Etwa 45 Minuten hat der Hubschrauber gebraucht, um 26 Stahlträger nach unten zu heben.

(Foto: Gerrit Faust/Deutsches Museum)

Ungewöhnliche Baumaschine: Für Arbeiten am Dach des Museums fliegt extra ein Schwerlast-Helikopter ein. Alles andere wäre noch aufwändiger gewesen - und noch teurer.

Aufsehenerregender Hubschrauber-Einsatz am Deutschen Museum: 45 Minuten lang ist am Donnerstagmorgen ein großer Helikopter über dem Haus gestanden - von vielen Schaulustigen beobachtet. Aber nicht wegen eines Notfalls, der Hubschrauber betätigte sich quasi als Kran. Er transportierte schwere Stahlträger ab.

Denn für die Sanierungsarbeiten am Deutschen Museum war über deren Luftfahrthalle bislang ein Wetterschutzdach montiert, wie Museumssprecher Gerrit Faust erläutert. Das wurde nun abgebaut - und 26 Stahlträger, jeder von ihnen etwa 800 Kilogramm schwer, mussten am Ende zurück auf den Erdboden. Eine Möglichkeit wäre gewesen, das mit einem 400-Tonnen-Autokran zu erledigen, sagt Faust. Für diesen hätte man aber eigens Betonfundamente gießen müssen. Das wäre teurer gekommen, als den Lastenhubschrauber zu bestellen - ein Gerät des Typs AS 332, genannt "Super Puma", das ohnehin im Münchner Umland im Einsatz und damit leicht verfügbar war, wie Faust erläutert.

Der Super Puma AS 332 mit einem der Stahlträger.
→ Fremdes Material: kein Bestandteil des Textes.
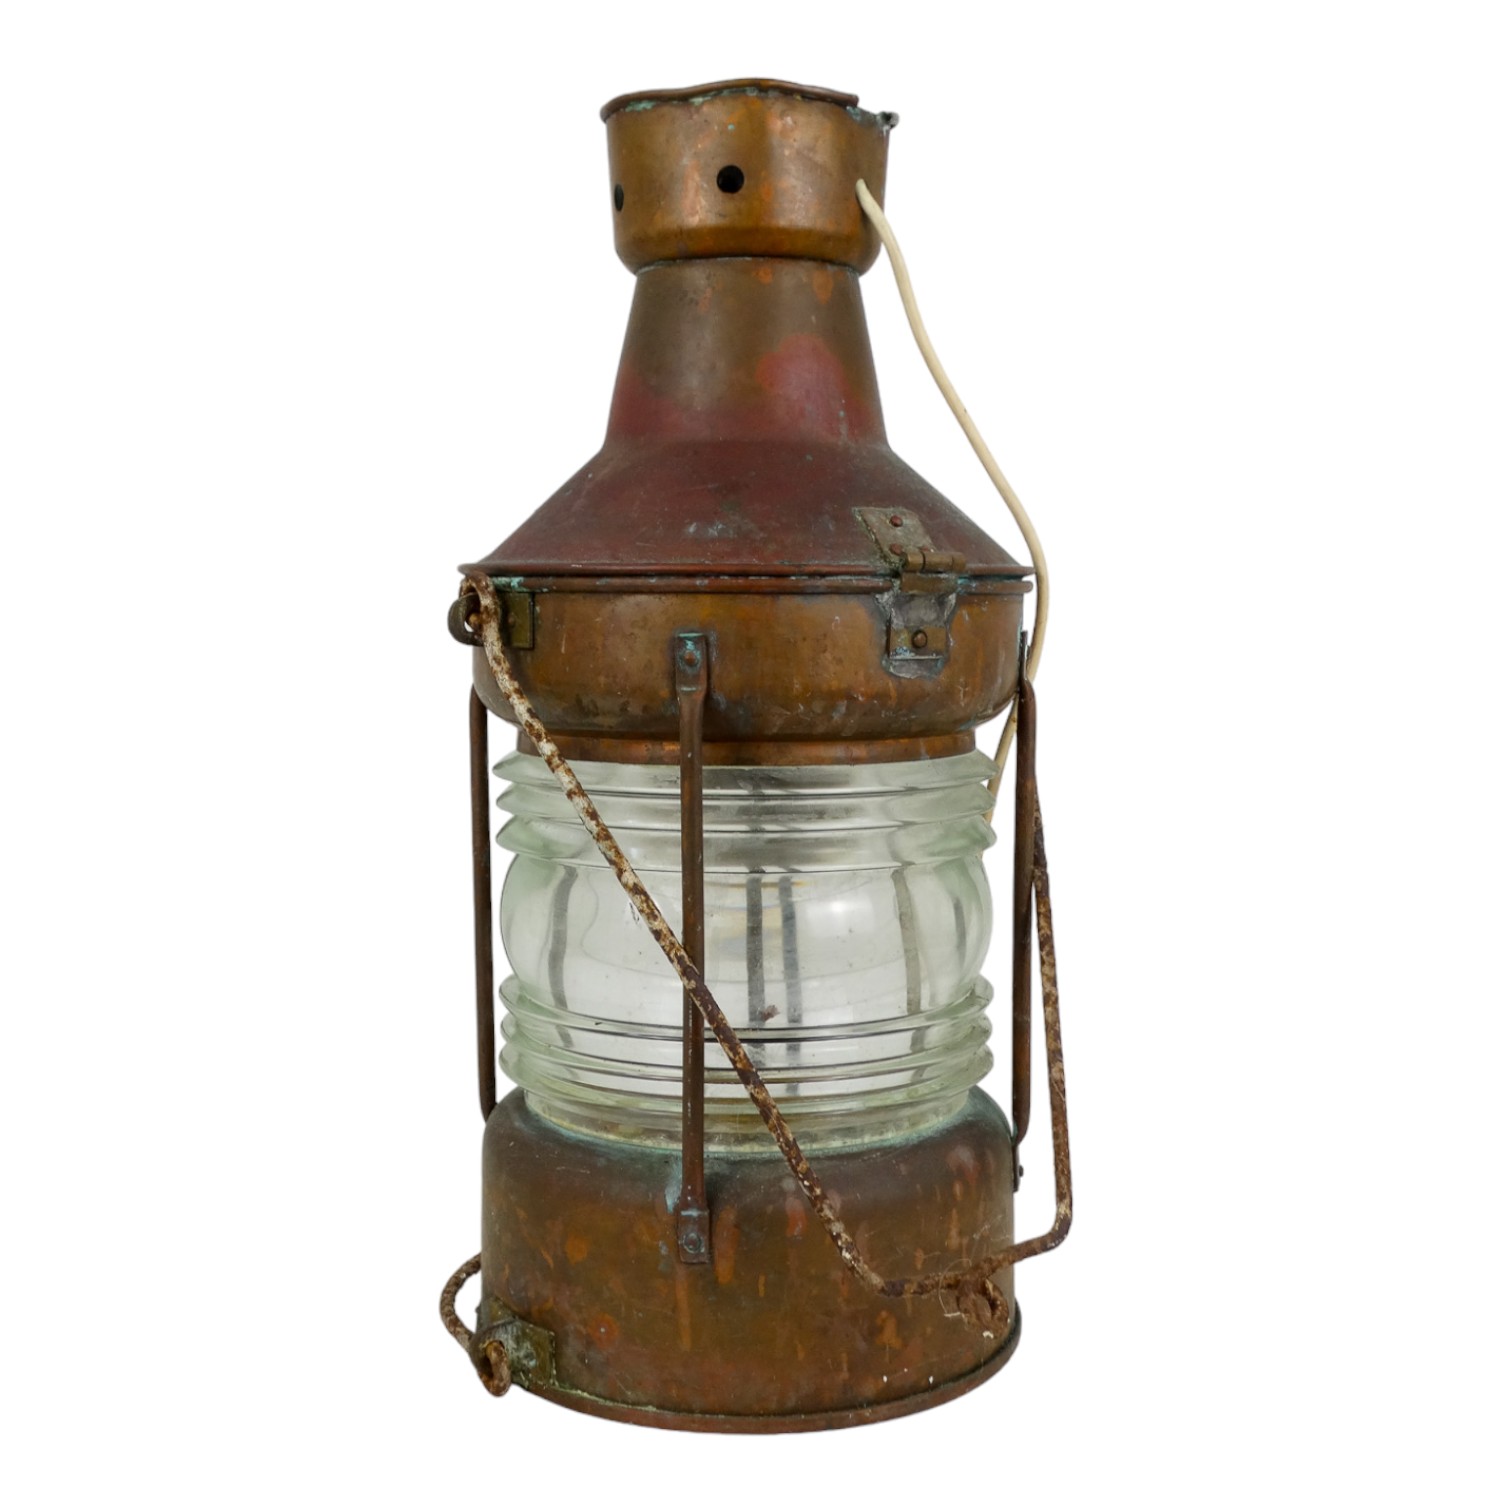 An early 20th century masthead light by H. Henriksen - copper with wrought steel handles, - Image 3 of 5

(Foto: Gerrit Faust/Deutsches Museum)

Der rote Hubschrauber, der Lasten mit einem Gewicht von mehr als vier Tonnen befördern kann, begann am Donnerstag gegen halb neun Uhr damit, die Stahlträger an einem 80 Meter langen Seil vom Dach zu heben und auf einen Tieflader am Boden zu legen. Jedes dieser Teile war zwischen zehn und zwölf Metern lang. Nach etwa 45 Minuten war die Arbeit getan und er drehte gen Norden ab.

Das weltbekannte Technikmuseum wird seit drei Jahren aufwendig saniert. "Zukunftsinitiative Deutsches Museum" heißt das Projekt, für das ursprünglich 450 Millionen Euro vorgesehen waren. Inzwischen sind Ausgaben von 600 Millionen Euro bewilligt, wobei bereits klar ist, dass auch diese Summe nicht für alle Arbeiten reichen wird, die ursprünglich geplant waren.